In sum, I find that the Complainant's position was eliminated as a result of legitimate business needs resulting from downsizing. I also find that the Respondent did not retaliate or discriminate against Complainant by eliminating his position and reclassifying him as a senior engineer. There is no evidence to support an allegation that any of the actions by the Respondent were motivated by or as a result of an intent to discriminate or retaliate against Complainant for having engaged in alleged protected activities.

RECOMMENDED ORDER

    It is my recommendation that Complainant's complaint be DENIED.

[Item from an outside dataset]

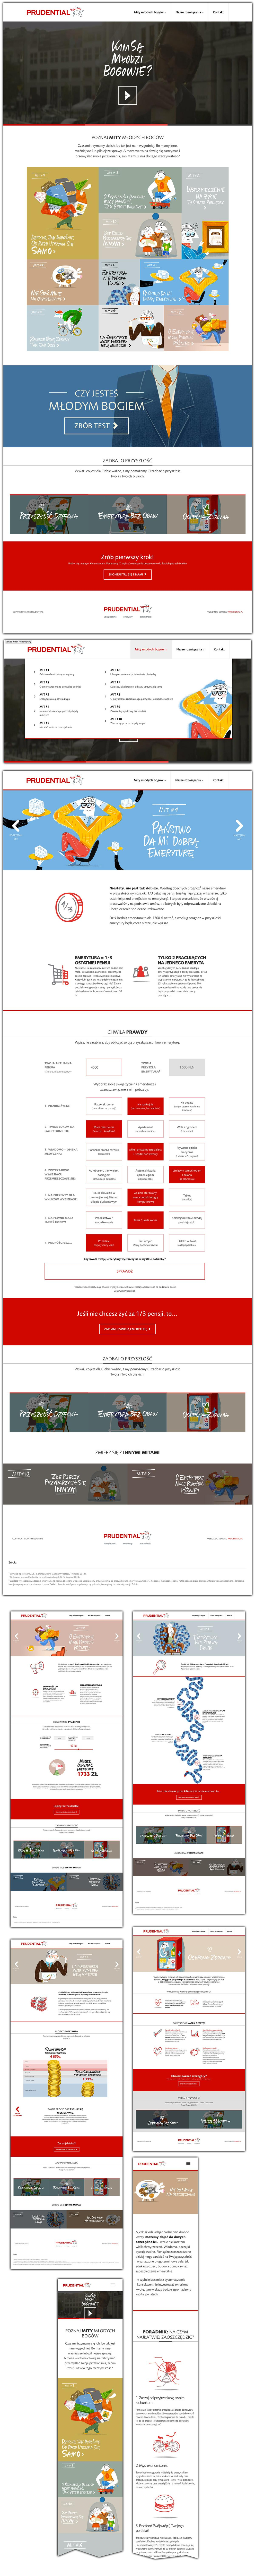 HTML css web animations adobe edge php

    Entered this 26th day of November, 1996, at Metairie, Louisiana.

      C. RICHARD AVERY
      Administrative Law Judge

CRA:kw

[ENDNOTES]

1 The conclusions that follow are in part those proposed by the parties in their post-hearing proposed findings of fact, conclusions of law and order, for where I agreed with summations I adopted the statements rather than rephrasing the sentences.

2 At the hearing, Complainant was uncertain as to the damages he was seeking since he is still in the employment of Respondent. Post-hearing, Complainant urged he was entitled to compensatory damages for future wage and retirement benefits he projects he will loose by virtue of his reclassification.

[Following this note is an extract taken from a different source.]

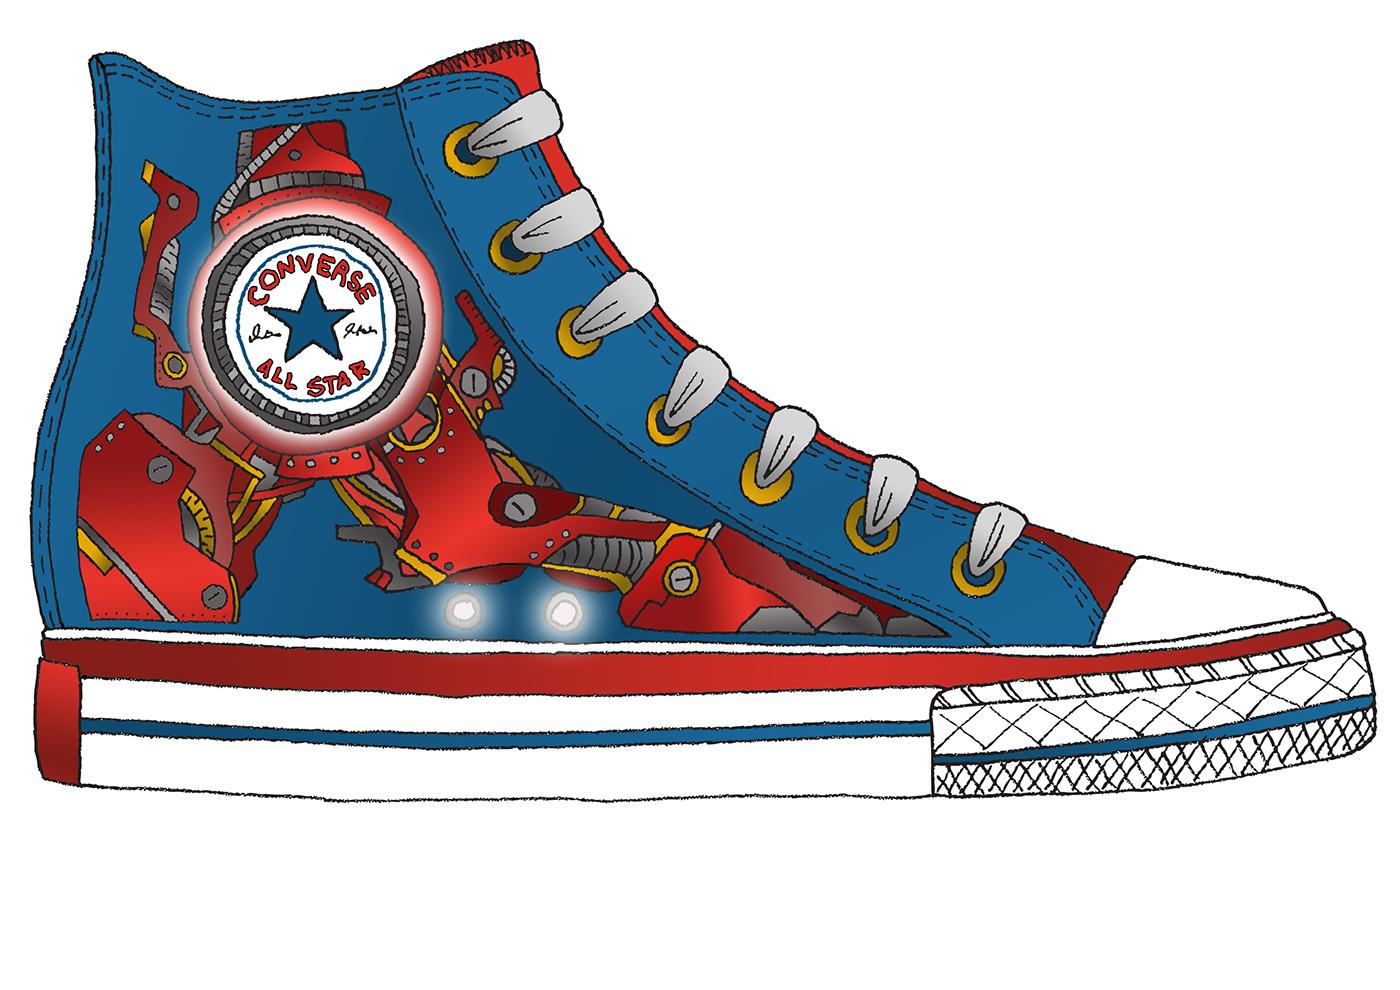 2ddc692ccd4 Converse Shoe Clipart at GetDrawings.com

3 The senior staff engineer within the Respondent's engineering job family is a slotted position which is filled by a qualified individual with a high level of technical expertise in one of eight disciplines. A limited number of positions may be filled within one of those eight disciplines when the company decides that there is a business need to retain an individual's contributions to the company in that particular areas. This has been the corporate policy since 1992. (RX 3).